По-видимому, замок и доселе обитаем. Признаюсь, что неохотно бы желал я поселиться на этой вершине, очаровательной для зрения, но угрюмой для души и сердца. За замком скат горы одет прекраснейшими домиками и садами, трудолюбие подвигло и сам камень на пользу людей. Подъезжая к Ауссигу, открылась новая, совсем иная картина: горы отдалились влево, и на прекраснейшей равнине природа образовала прелестную рощу, искусство превратило ее в сад… В тени дерев рассеяны были биваки конницы. Кто бы подумал, взглянув на веселые лица воинов, на красоту лошадей, услышав шумный гул радостных песен, что неприятель в нескольких милях! Итак, мы достигли уже цели своей! В Ауссиге нашли мы главную квартиру генерала Беннигсена. Государь, император австрийский и король прусский в Теплице (город, славный минеральными водами своими, в 13 верстах от Ауссига). Скоро надеемся быть в деле.

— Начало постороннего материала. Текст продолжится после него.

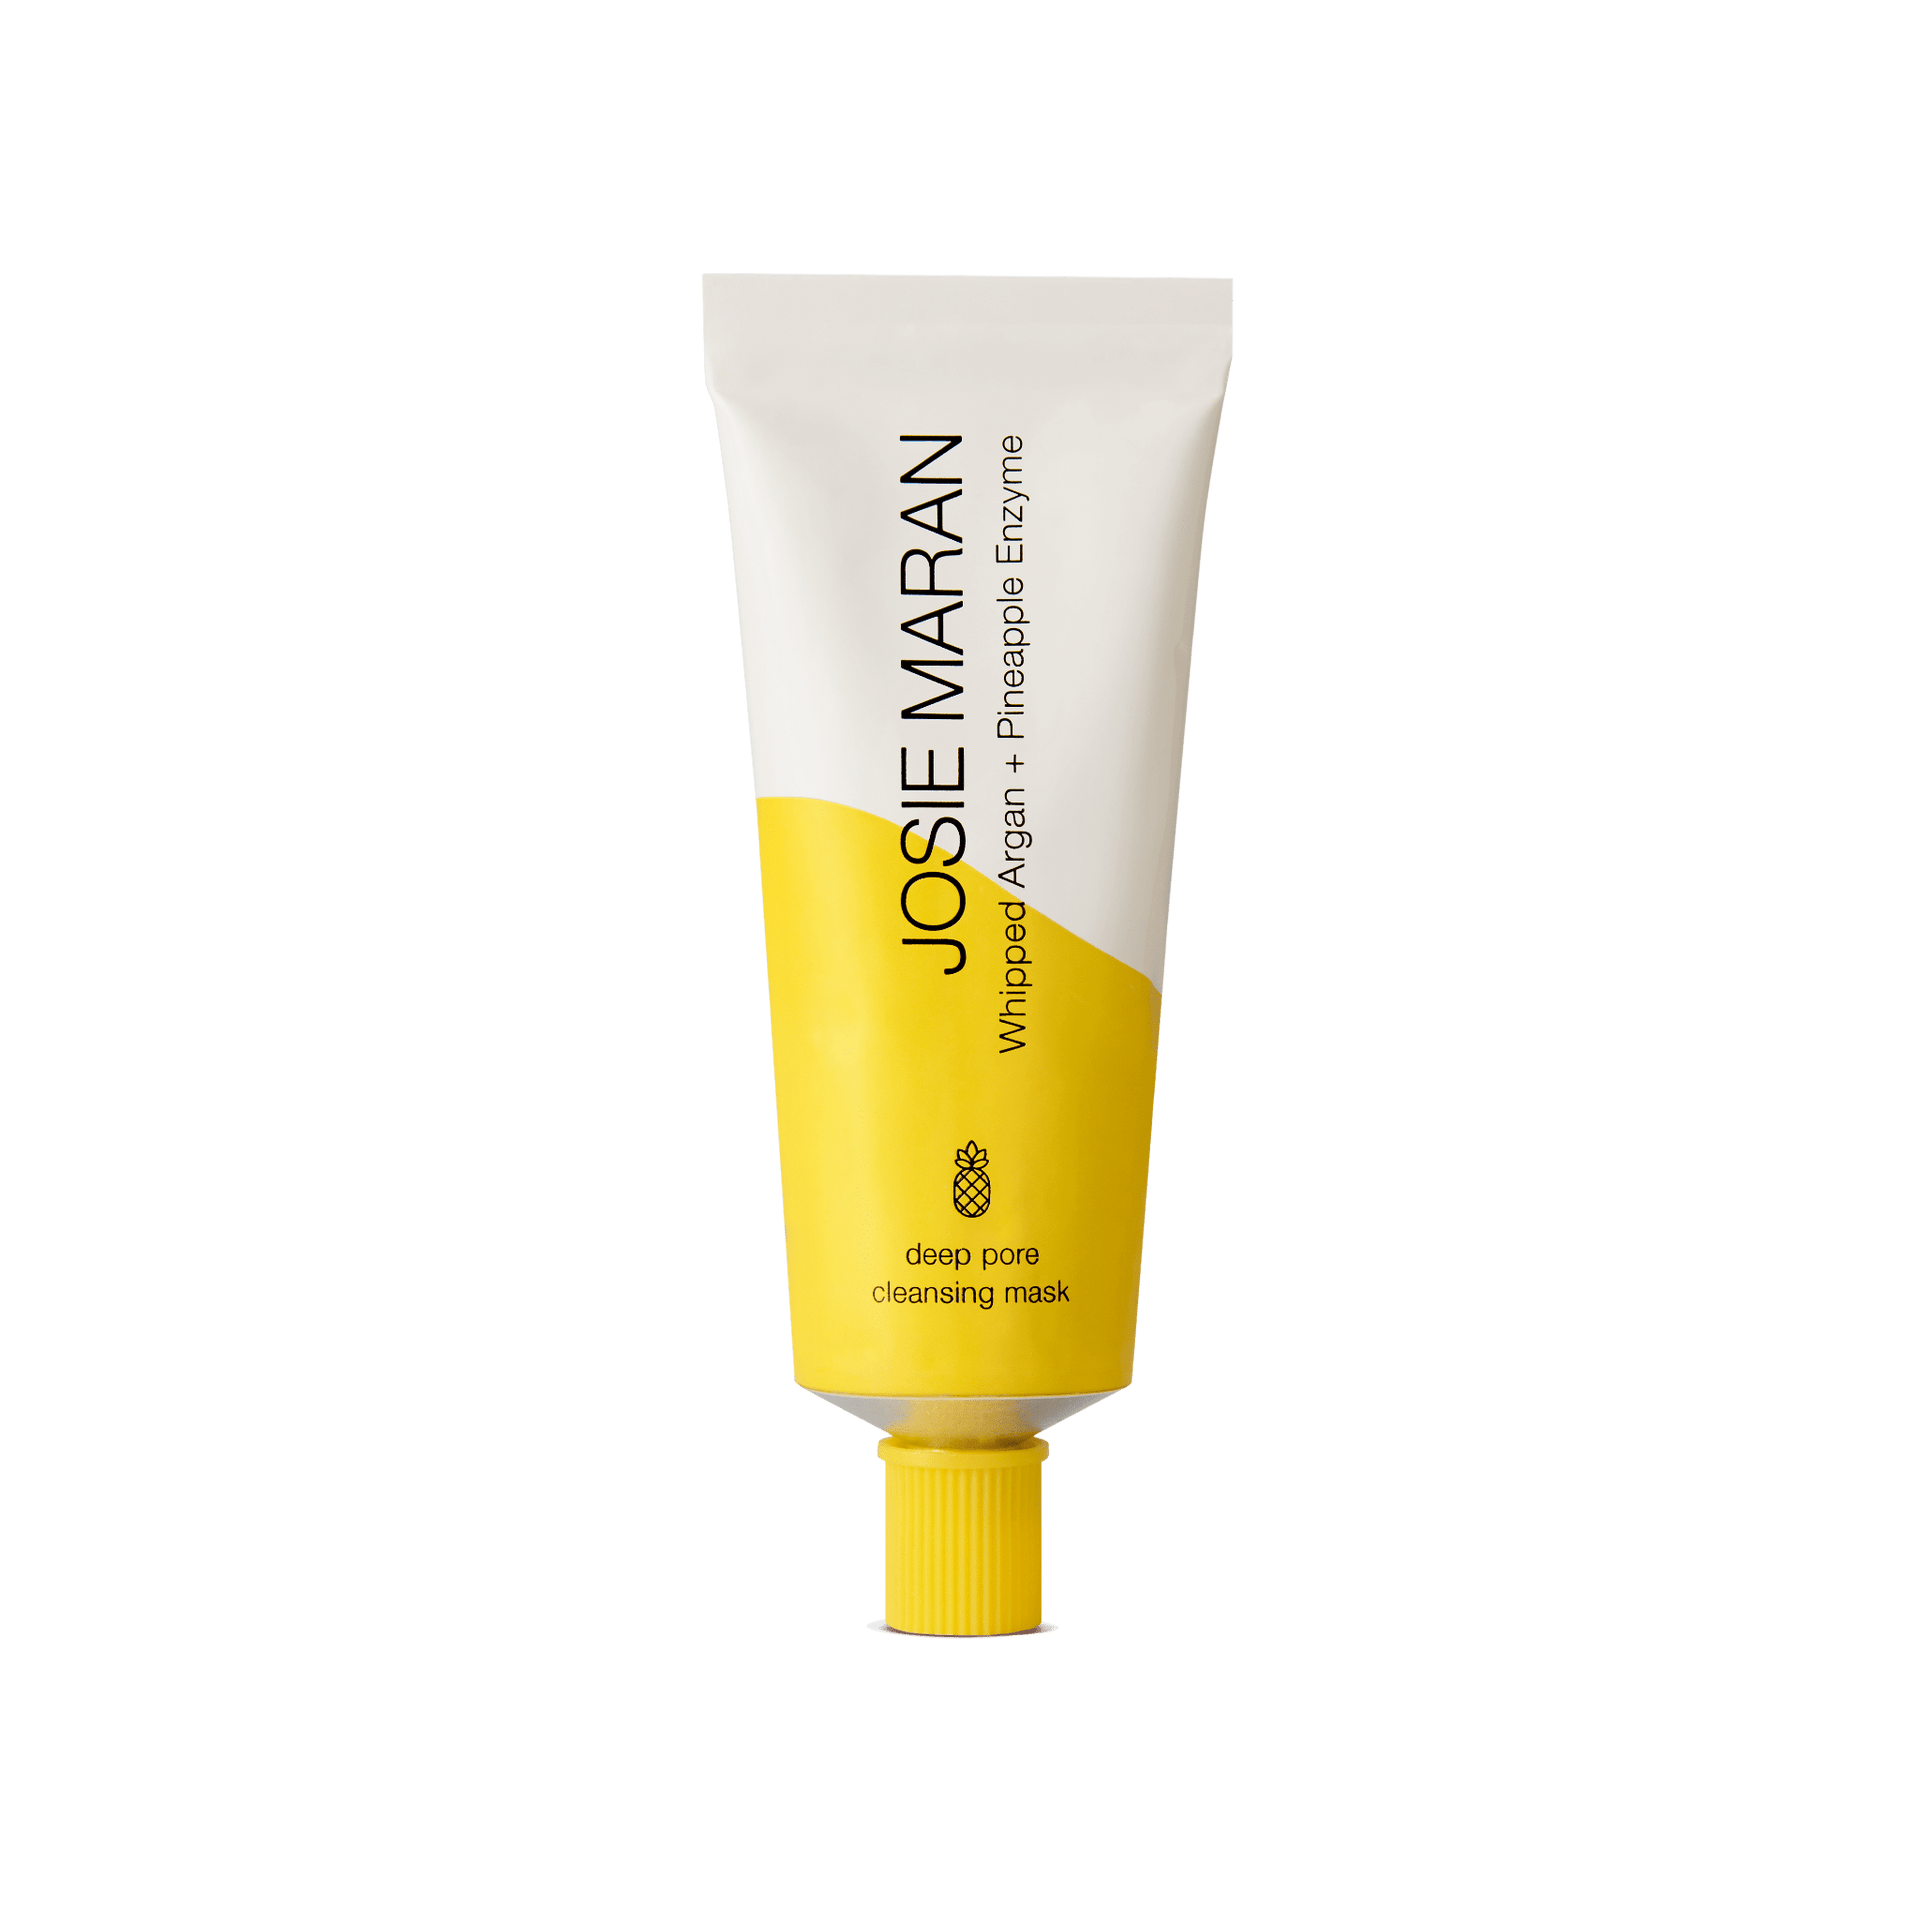 Whipped Argan + Pineapple Enzyme Deep Pore Cleansing Mask

По прибытии нашем генерал Беннигсен перешел в Теплиц, откуда главная квартира союзных монархов выступила к Лейпцигу. В Ауссиге не нашел я почти ничего любопытного, достойного внимания. Квартира моя на самом конце города. В нескольких шагах от нее возносится гора, замечательная по прекрасному винограду, растущему у подошвы оной, из него делают вино, называемое подскольским. По малому количеству оно совершенно неизвестно в чужих землях и посылается только к Австрийскому двору. На вершине построена часовня Божией Матери, о которой хозяева мои рассказывают удивительные чудеса.

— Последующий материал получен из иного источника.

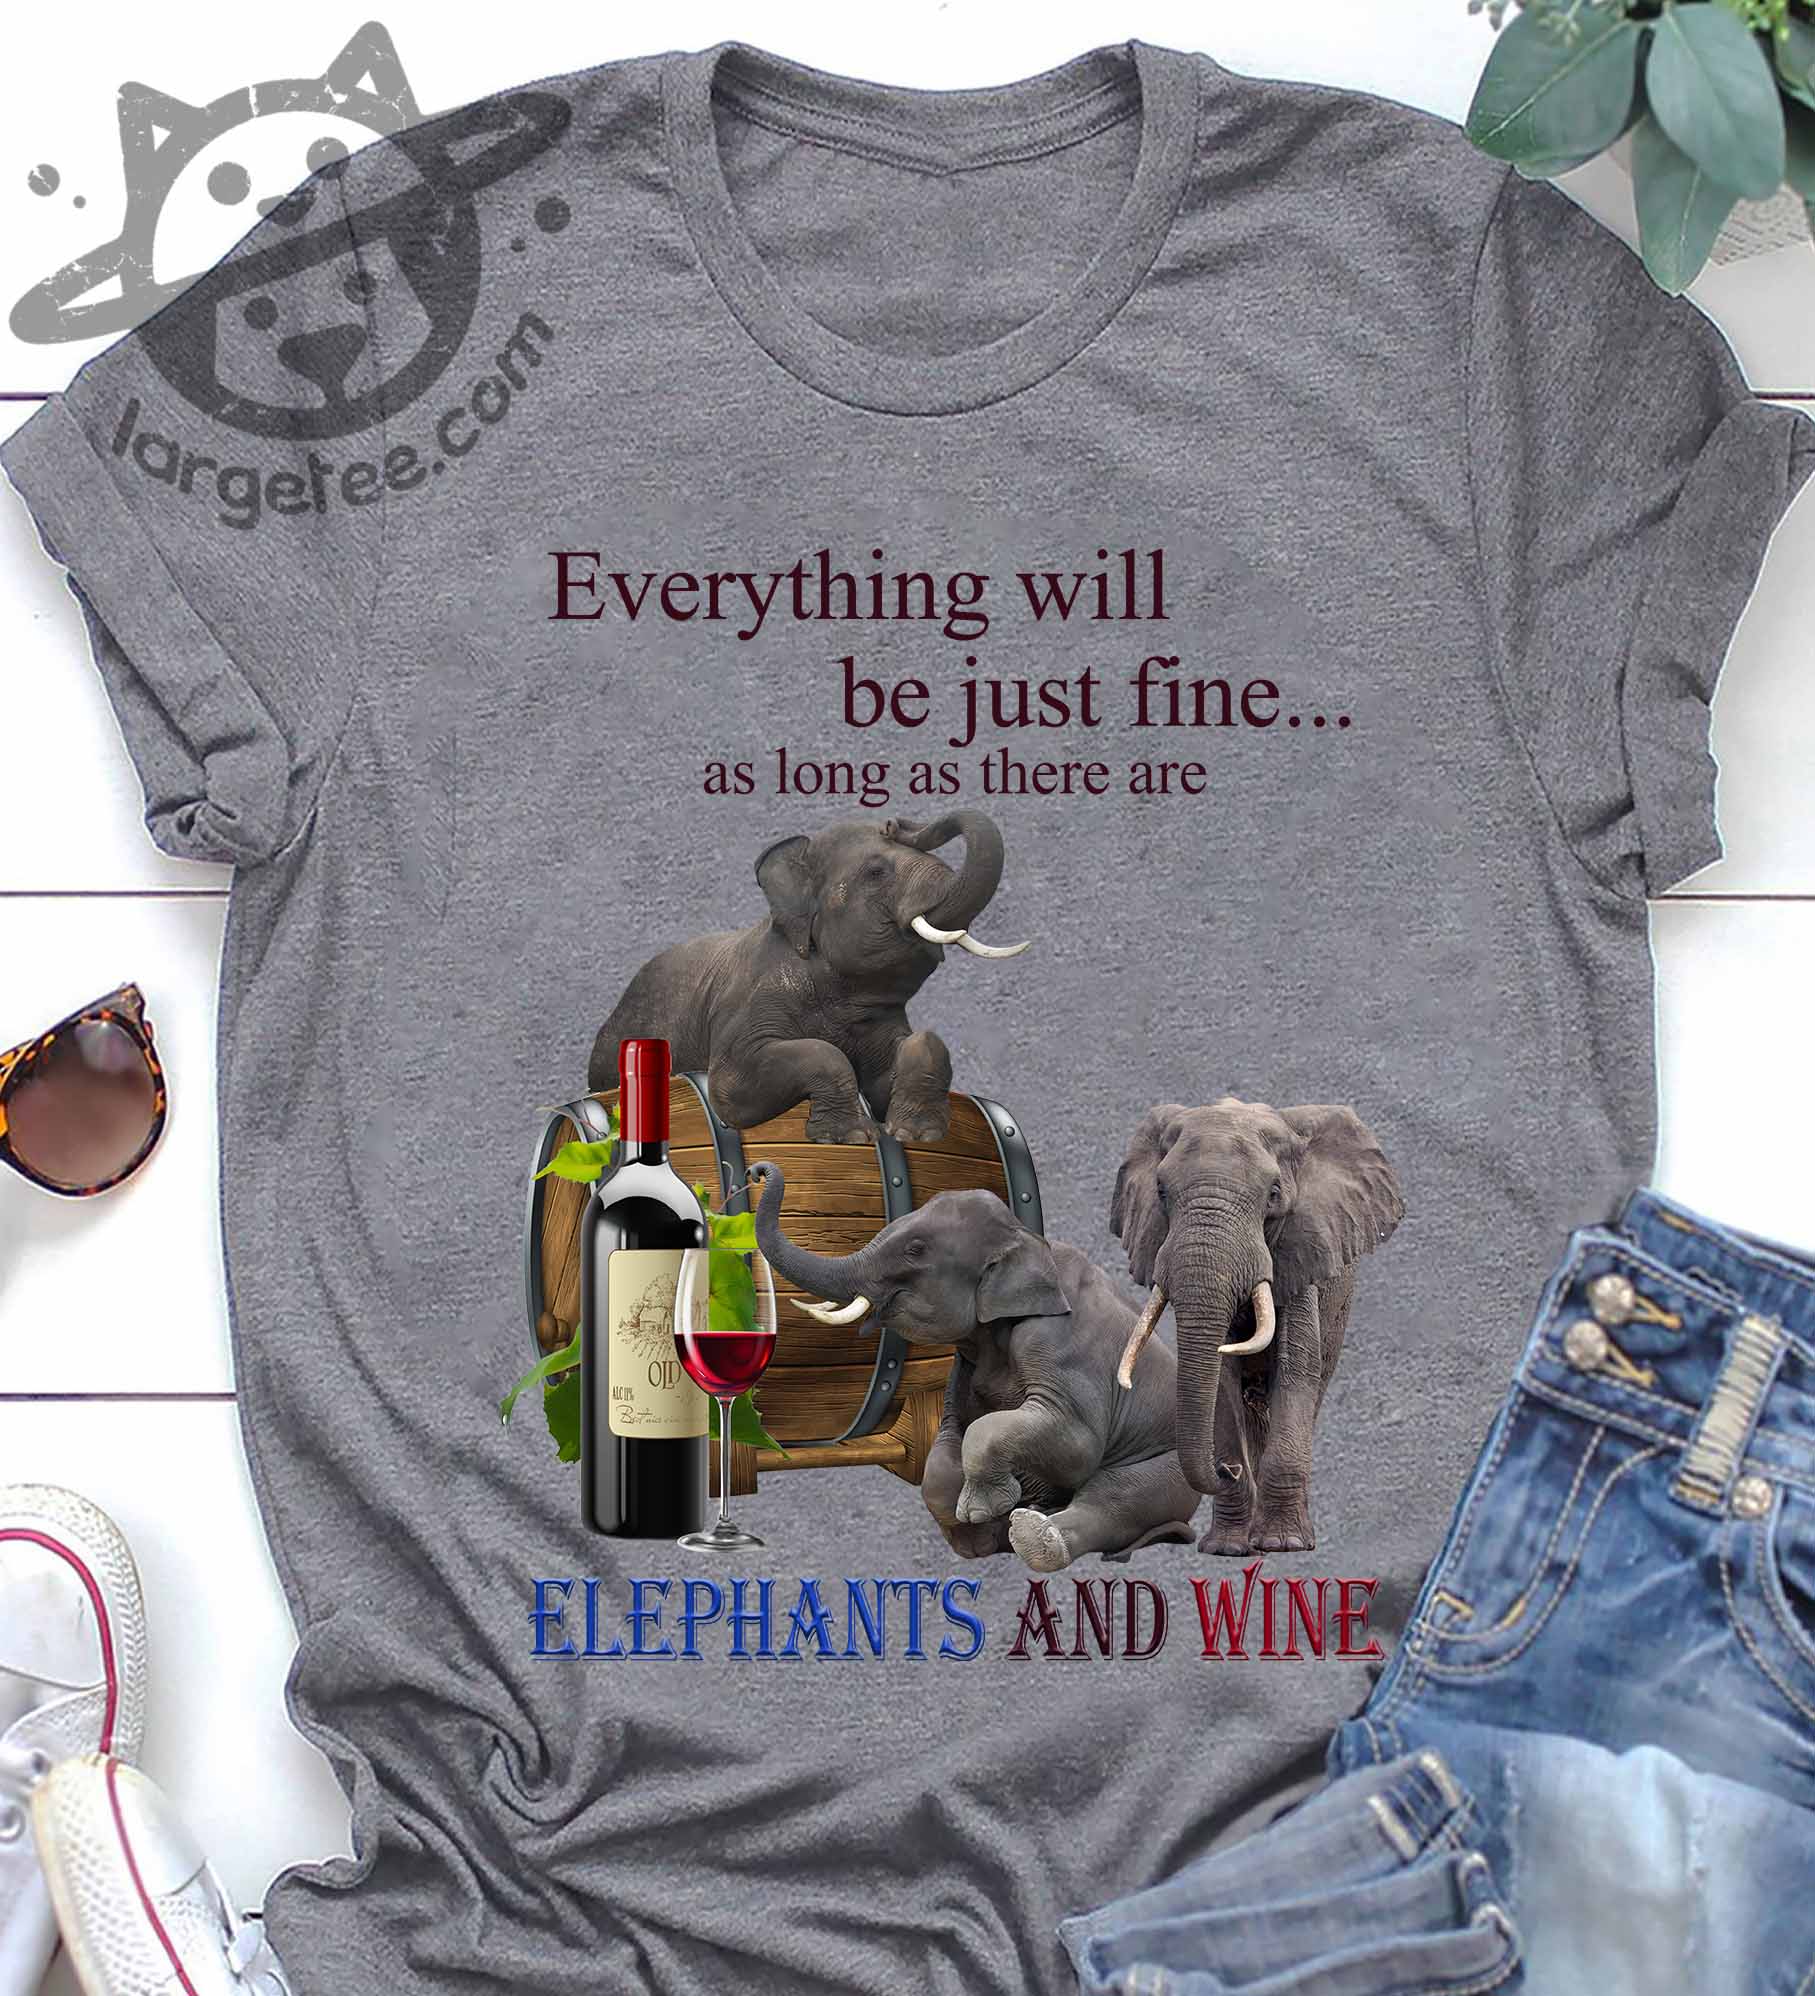 Everything will be just fine as long as there are elephants and wine

Погода делается ужасно худа: беспрестанный дождь, грязь по ступицу, я почти не выходил из комнаты. Каково же стоять на биваках? Ежеминутно мимо окон моих провозят несчастных воинов, которые изнемогли, не в силах будучи переносить свирепства стихий, к тому же дороговизна здесь невероятная! Бесчеловечные жители грабят нас самым жестоким образом. Война весьма мало касалась мест этих, и между тем одна маленькая грошовая булочка продается по 60 копеек на наши деньги, за небольшой кусок жареной свинины (другого мяса почти найти невозможно) должны мы платить пять рублей и более, фунт сахара стоит от 13 до 15 рублей. Ужасно! Я удивляюсь, как правительство позволяет такие злоупотребления! Для богачей цены эти были невелики, но бедные офицеры думали совсем иначе.

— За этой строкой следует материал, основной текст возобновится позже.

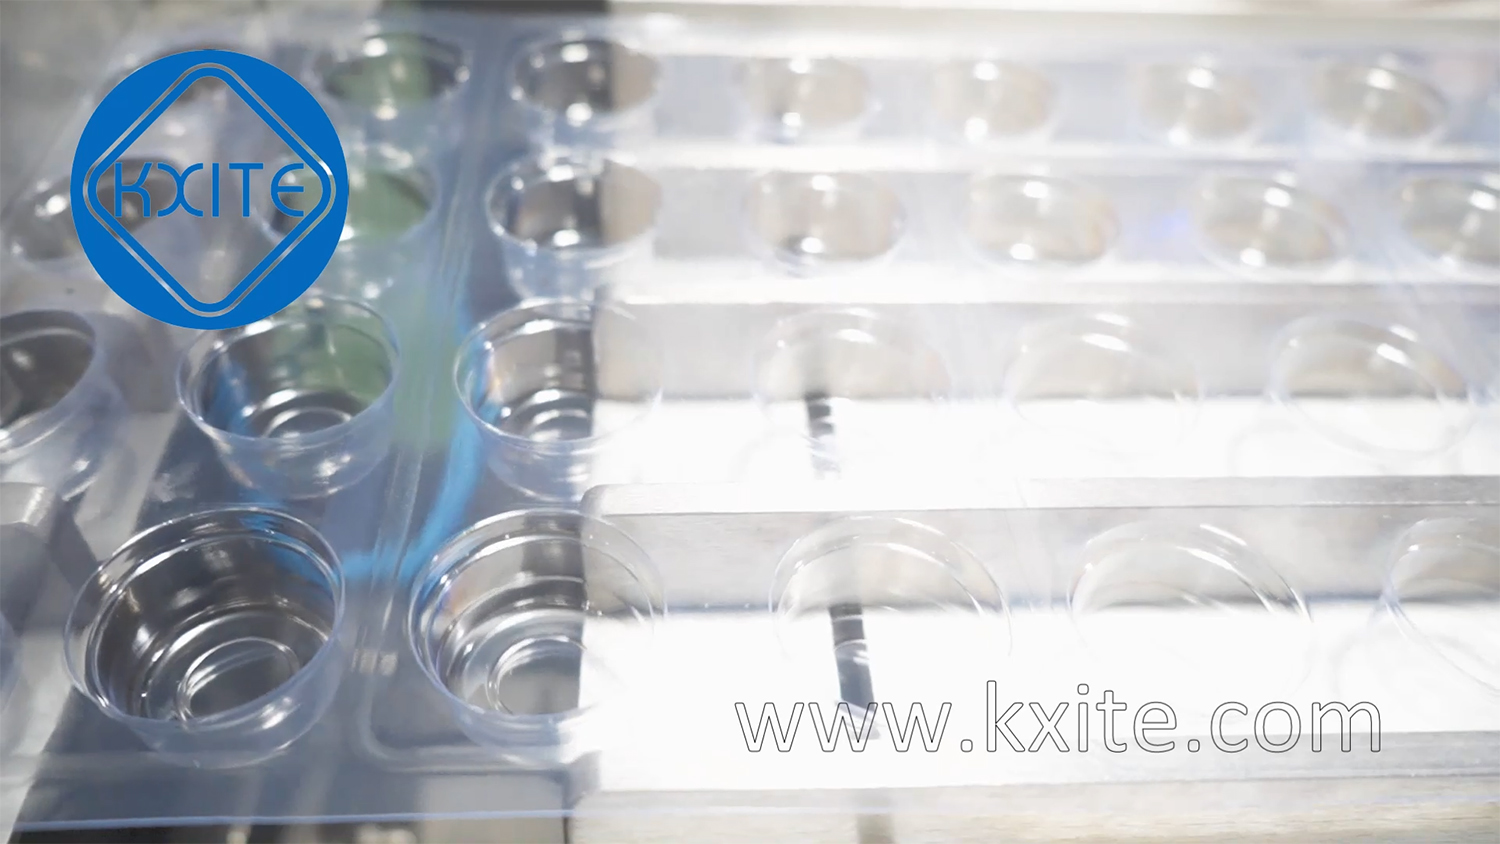 Antibacterial Mouth Wash Water Liquid Blister Filling Sealing Packing Machine

Все недостатки, все труды и опасности кажутся легкими, когда приятная мысль, что все эти бедствия переносятся для блага и славы Отечества, утешает ревностных патриотов, но если неимение денег заставляет страдать, тогда поневоле и в самом благородном сердце возбудится негодование против жестокосердных союзников. Ах! С каким восторгом вспомнил я тогда мирные наслаждения тихой семейственной жизни, сколько раз в часы уныния отказывался от всех видов самолюбия и хотел посвятить всю жизнь самому себе! Но скоро проходили минуты отчаяния – любовь к Отечеству побеждала все прочие чувства.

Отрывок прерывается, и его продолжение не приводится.